In its 2016 report “Case study: the Ticino Fashion Valley”, Swiss NGO Public Eye describes the scheme as “fiscal piracy” that operates to the detriment of other European countries. The report noted: “While fashion multinationals – and their shareholders – each year accumulate millions in profits by using such tax strategies, the people who make their products in the factories of their suppliers and sub-contractors are paid miserable salaries. In Asia as in numerous European countries, the salaries of textile workers do not meet subsistence level.”
The Italian prosecutors appear to regard the system as also essentially illegal: while in the case of Kering, its Swiss subsidiary LGI officially sells products of the brands to stores worldwide, such activity is carried out by employees of the brands in Paris, London and Milan.

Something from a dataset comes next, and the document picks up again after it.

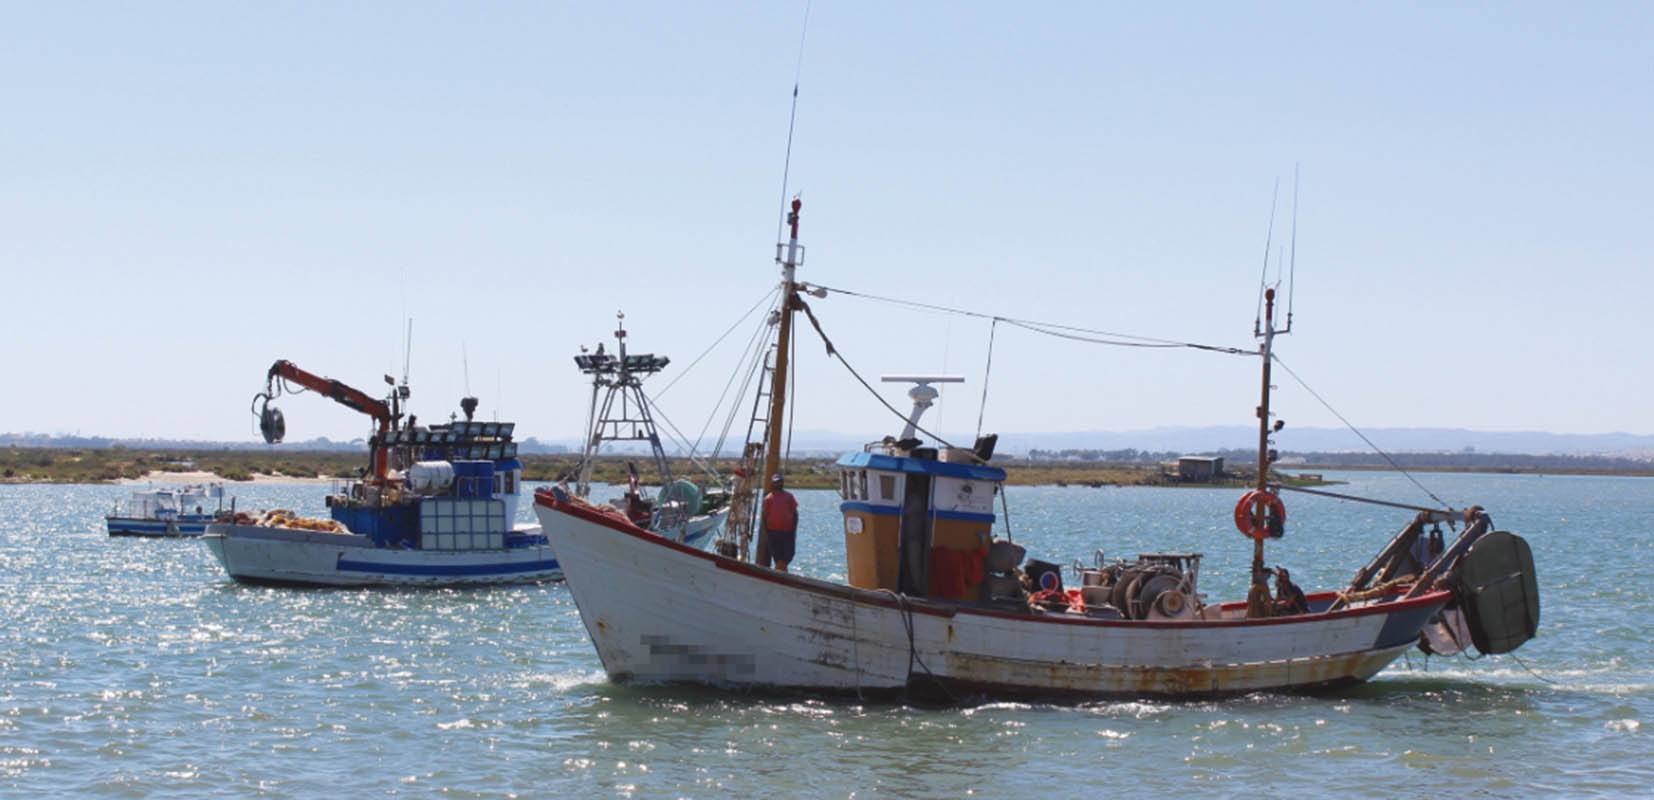 Barco pesquero descargando merluza en puerto

For although those who work in the warehouses in Switzerland may be highly efficient, it is improbable to imagine that they alone create about 70% of the income from the luxury labels that are among the most prestigious in the market. In businesses in general, logistical activity has little added value.
But in the scheme used by Kering, it is the warehouse business that receives the income, and in turn remunerates, for example, Gucci or Yves Saint Laurent a minimal amount as a sort of licence fee. In the case of Gucci, the system allowed the brand to pay only about 100 million euros in taxes in Italy over the period 2013-2016, instead of about 650 million euros if the profits declared in Switzerland were declared in Italy.
Gucci, an icon of Italian capitalism, is one of the biggest luxury goods brands in the world, with a turnover in 2017 of more than 6 billion euros, and provides 70% of the Kering group’s earnings.